R code goes in the R/ directory. You cannot put subdirectories in there.
C++ code goes in the src/ directory
Documentation goes in the man/ directory (done automatically with roxygen comments)
Datasets go in the data/ directory
Other files like CITATION or raw data (extdata) go in the inst (installed files) directory
DESCRIPTION and NAMESPACE files live at the top level
The top level is also a good place for a README file, especially if the package is on GitHub

To load the development version of the package, run devtools::load_all(). The easier way, however, is to press Ctrl-Shift-L in RStudio, which saves all open files and loads the package.

You'll mostly be writing functions. That workflow is:

Edit an R File
Press Ctrl-Shift-L
Use function at command line

To omit a directory or file when building a package, include a RegEx in the .Rbuildignore file. For this package, the RMarkdown version of this ReadMe file (README.Rmd) has been added to .Rbuildignore. The line reads ^ReadMe\.Rmd$.

When you document functions with roxygen (see below), that workflow is:

Add roxygen comments to your .R files
Press Ctrl-Shift-D to convert roxygen comments to .Rd files
Preview documentation with ?

This file uses Debian Control Format (DCF), which means each line has a field name and a value, separate by a colon. When values span multiple lines, they need to be indented.

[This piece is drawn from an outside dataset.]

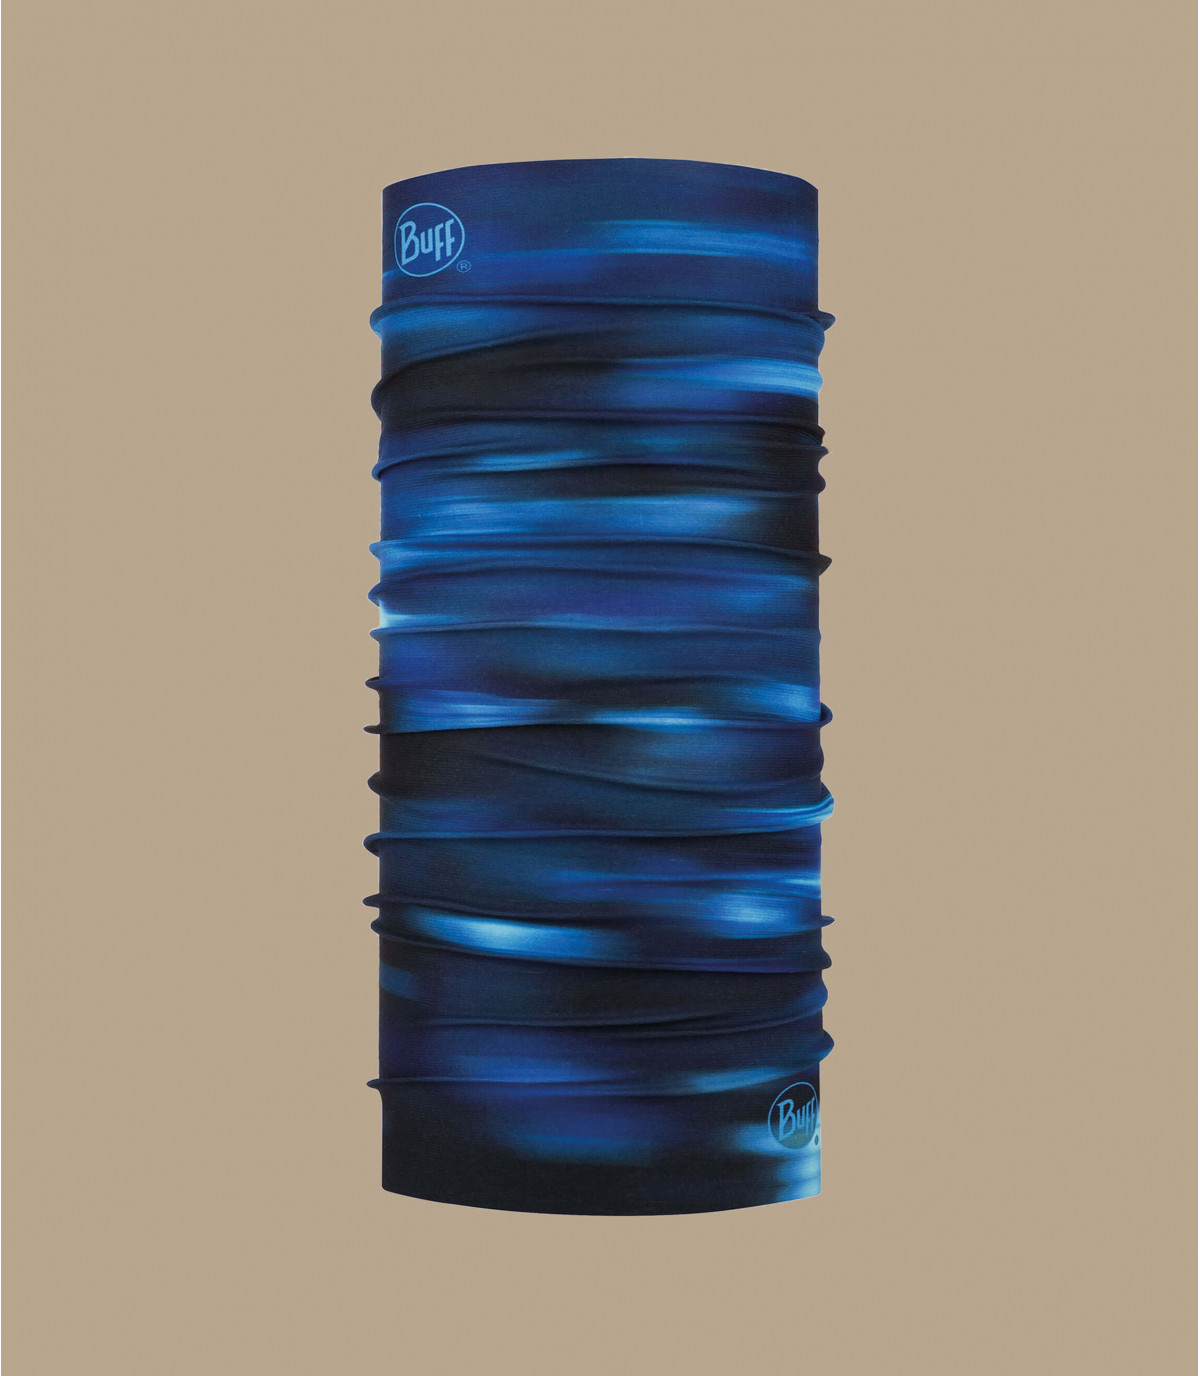 Buff bedruckt blau schwarz

Title and Description appear on the CRAN download page:

Title: is a one-line description (65 char max, no punctuation, no formatting)
Description: is a one-paragraph description (80 char/line max, indent subsequent lines)

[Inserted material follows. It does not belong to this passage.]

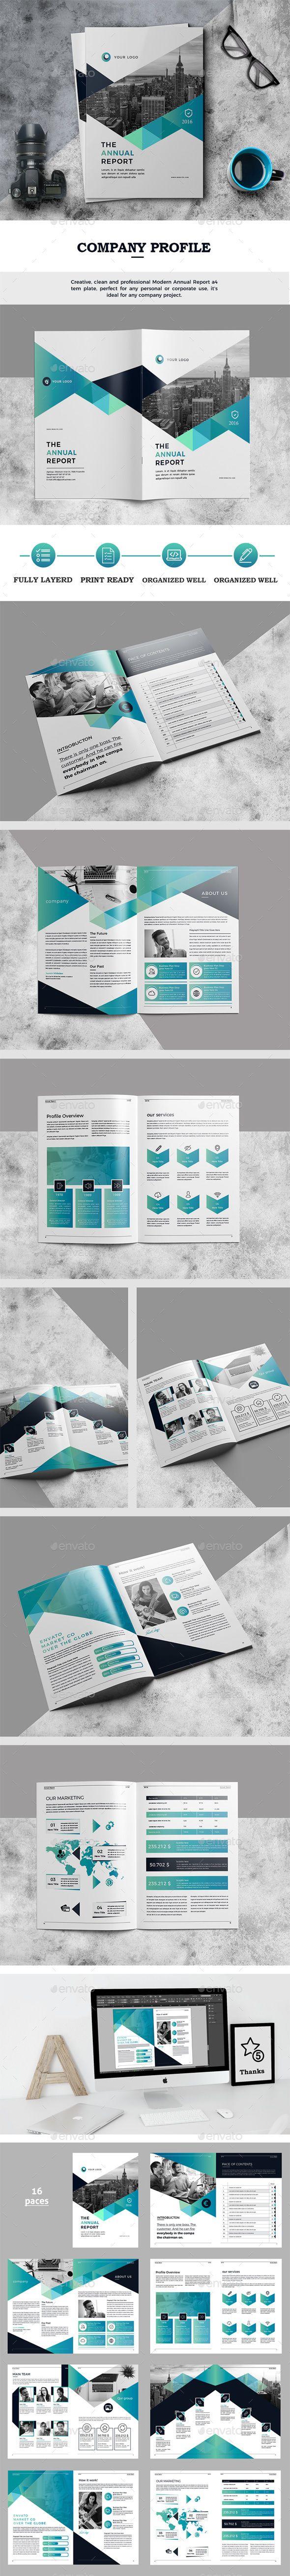 Brochure — InDesign INDD #brand #light • Download ➝ https://graphicriver.net/item/brochure/19060211?ref=pxcr

This file is where you put other package dependencies (not in a library() or require() statement somewhere in your code!)

Imports: dplyr, ggvis means these packages must be present for your package to work
Suggests: dplyr, ggvis is weaker, see Hadley's R Packages page 35

You can manually add information to the DESCRIPTION file, or you can use devtools::use_package("dplyr") to do it for you.

It's a good idea to require a minimum version of other packages if they're dependencies. So your DESCRIPTION file might look something like this

Imports:
  dplyr (>= 0.3.0.1),
  ggvis (>= 0.2)
Suggests:
  MASS (>= 7.3.0)

This file control hows your package interacts with the rest of R, importantly making it self-contained. It controls imports, which define how a function in one package finds a function in another; and exports, which define which of your functions are available outside of your package.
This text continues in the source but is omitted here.